Post written by: Erin Walcon
This is one of my favourite days of the year.
It begins nervously… for all of us. It’s a mammoth task. 12 secondary schools, 24 visiting physical theatre workshops, 6 professional lead artists, 18 university students, and one final showcase day, where it all comes together and we celebrate their work, this year with 82 performers taking part.
It’s hard to fully capture the complex magic of the day, so I thought I’d just send you a few ‘postcard’ moments from the ground.
It’s 9.34 AM. Secondary students have just started arriving in a steady trickle through the front door of the Exeter Northcott Theatre. They are nervous, but excited. They look very relieved when they see their friends already sitting at a table in the cafe, and they congregate in small, tight bunches, talking together in low voices: who is here? Who is missing? Do they need to re-work their piece? Did they remember to bring the music on the memory stick? They look up to see the lead artist who worked with them at their school, and you can see everyone’s shoulders relax.
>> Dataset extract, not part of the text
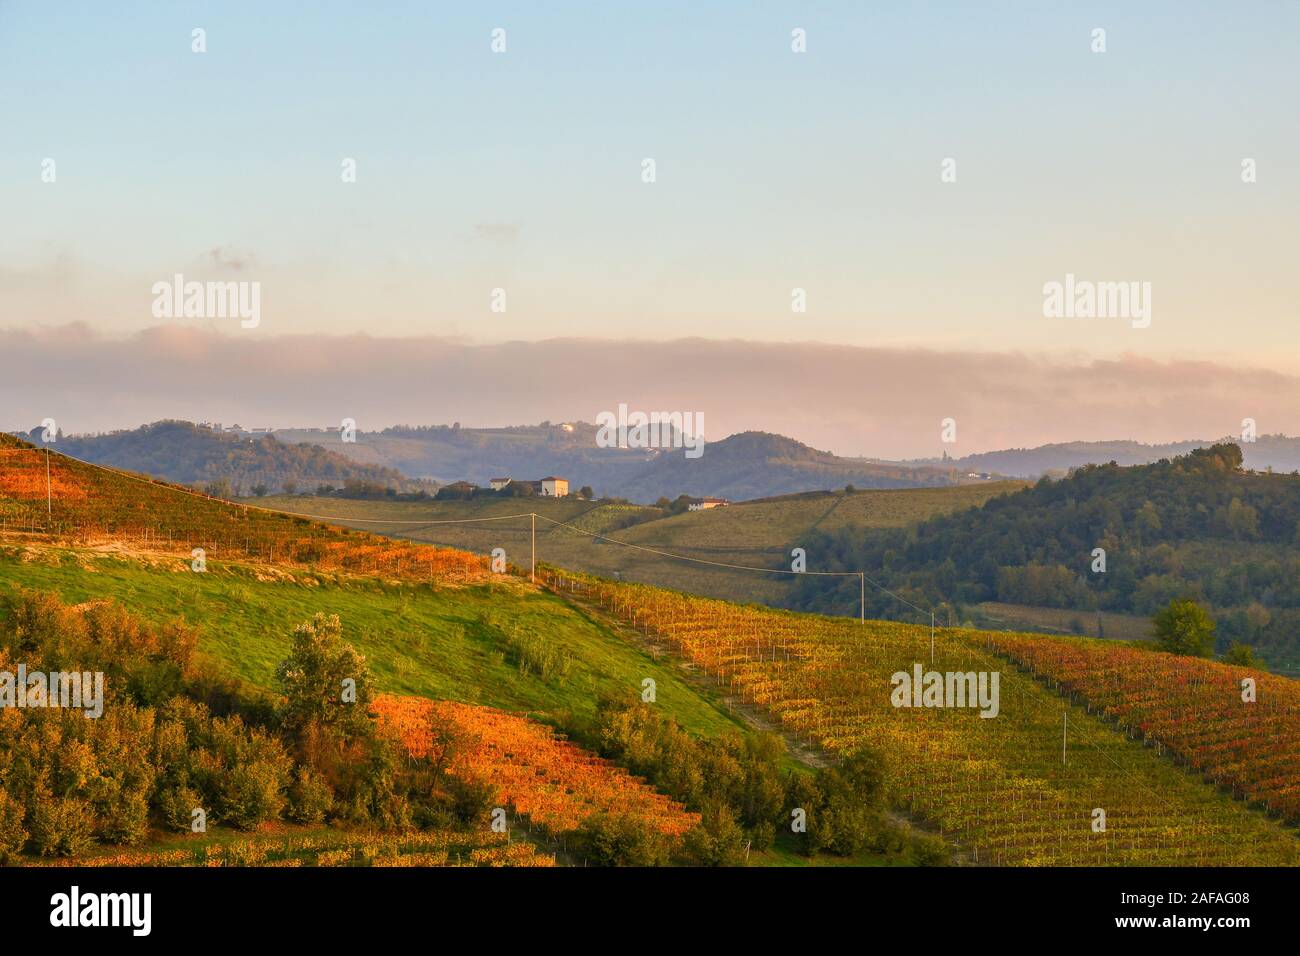 Elevata, vista panoramica delle Langhe vigna colline al tramonto in autunno, Sito Patrimonio Mondiale dell'Unesco, Alba, in provincia di Cuneo, Piemonte, Italia Foto Stock

It’s 10.43 AM. Welcome time. I stand up and say hi – I explain to everyone that this day is not about perfect finished pieces, but about celebrating the craft and aliveness of making original theatre – about taking risks and trying things. People try out saying hi to someone they haven’t met before. Sam, our wonderful technician from the Exeter Northcott gives a safety briefing. We gather to go down to Roborough Studios for rehearsals. The work of the day begins.
Postcard 3: Making and ReMaking
If you wander the hallway at about 11.17, you can hear working rehearsal rooms everywhere. Each studio has at least 3 schools represented in it, and they are packed with activity – working beats, honing lifts, trying out new characters, polishing timings. Students have never met each other before, but they co-occupy the same creative space with ease. Sometimes they warm up together. The Lead Artists move between their groups, helped and questioning. The university students mentor and support, providing metronome clicks or modelling new physical techniques. The rooms are full and the energy is electric.
Postcard 4: Lunch
We take a much-needed lunch break. This is always one of my favourite moments of the day – seeing the university campus be taken over by secondary-aged students. This year there was parkour off the wall of the chapel and pyramid building on Roborough’s lawn. The sun shone.
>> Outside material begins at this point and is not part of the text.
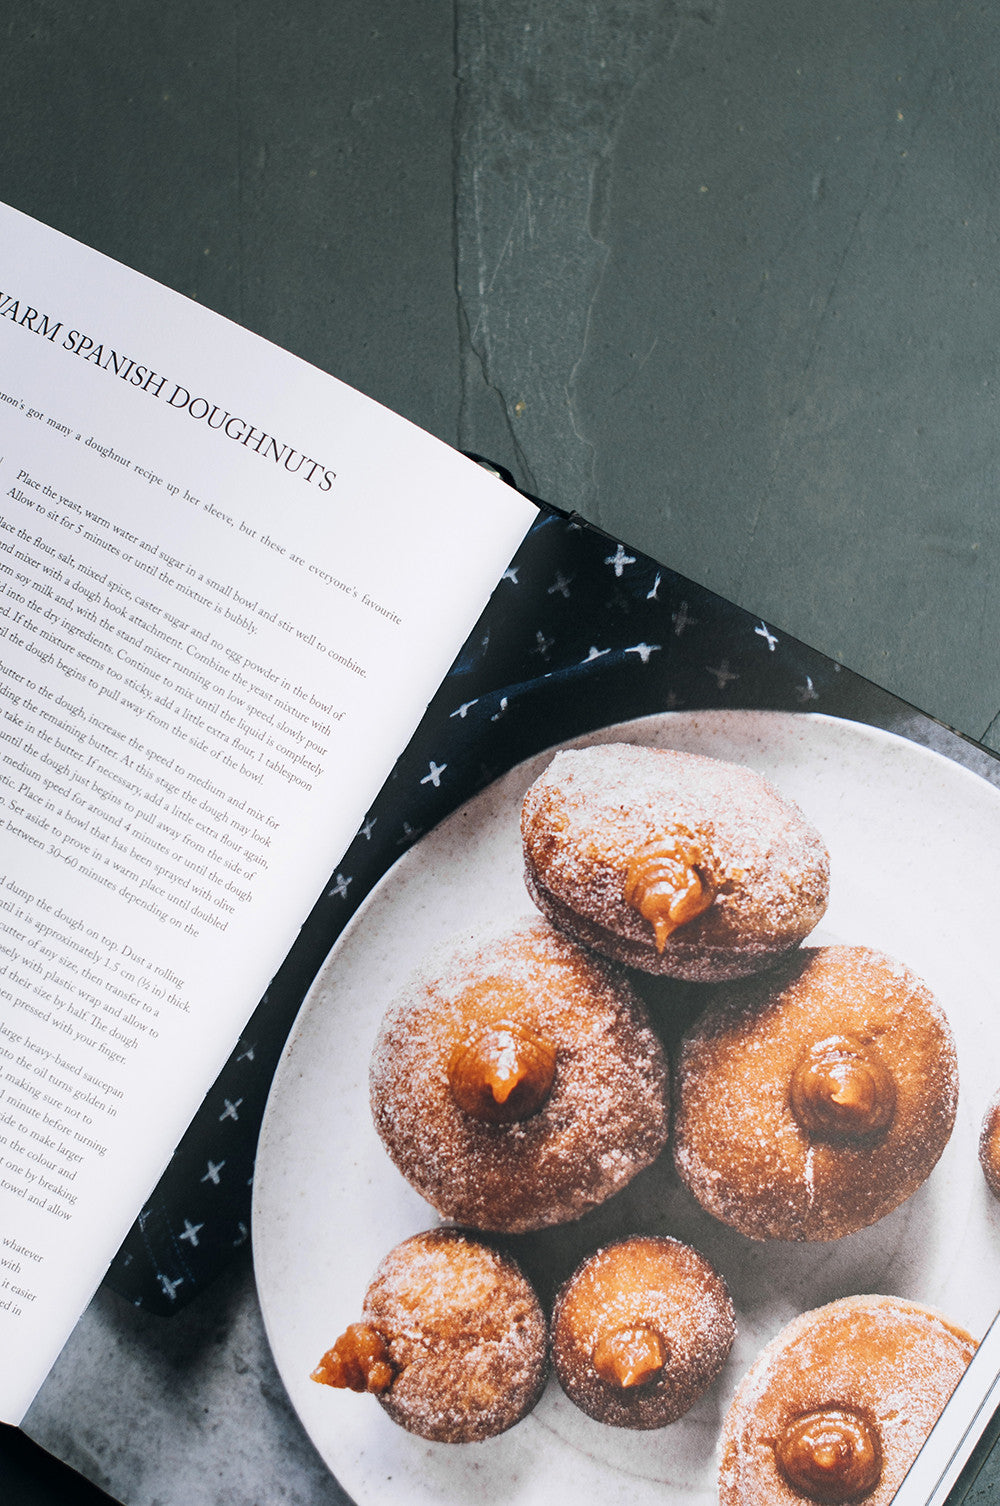 smith & daughters vegan cookbook review

Postcard 5: Getting Serious Now
After lunch, you can feel a tone change. The day has moved from nervous first steps, through the manic enthusiasm of the morning, and into the serious focus of getting ready to perform. The shift comes when the first few groups head up to the Northcott to do their technical rehearsals. Those left down at Roborough buckle down, and the quality of attention is precise.
Postcard 6: Tech
Each group gets about 15 minutes to tech their piece on mainstage. It’s a big move, coming from the safety of the rehearsal room into the big theatre again. The pieces sometimes have to grow or shrink in order to work. The stage lighting transforms everything.
Postcard 7: Staying in It
Tech rehearsals can be hard. There are long windows of quiet while the technical team sort out music files. There might be several other groups watching you, waiting for their turn. There is always a lot of coming and going, with 82 performers, all needing to tech within the same 2 hour window. This year, I was so impressed with the focus and professionalism of the groups. They really did outstanding work during their technical rehearsals, and this was testament to their trust in their lead artists, but also a really special thing to watch.
Postcard 8: Flying
At 4pm, the auditorium fills up with parents, carers, family and friends who have come to watch. The performers fill the first 5 rows, and their loved ones pack in above and around. The lights dim. I can heard the gentle shuffle of performers moving quietly and quickly into position. My shoulders relax. (Traffic flow is the biggest stress of the day for me…) Exeter College walks on stage, their newspaper puppet ready. We have begun. This year, I set camera down for a second and just enjoyed the wonderful sight of the stage being full of secondary student performers. You could feel that something special is happening – see it reflected in the eyes of the performers taking their first steps onto a professional stage. Feeling and trusting in their own power and potential.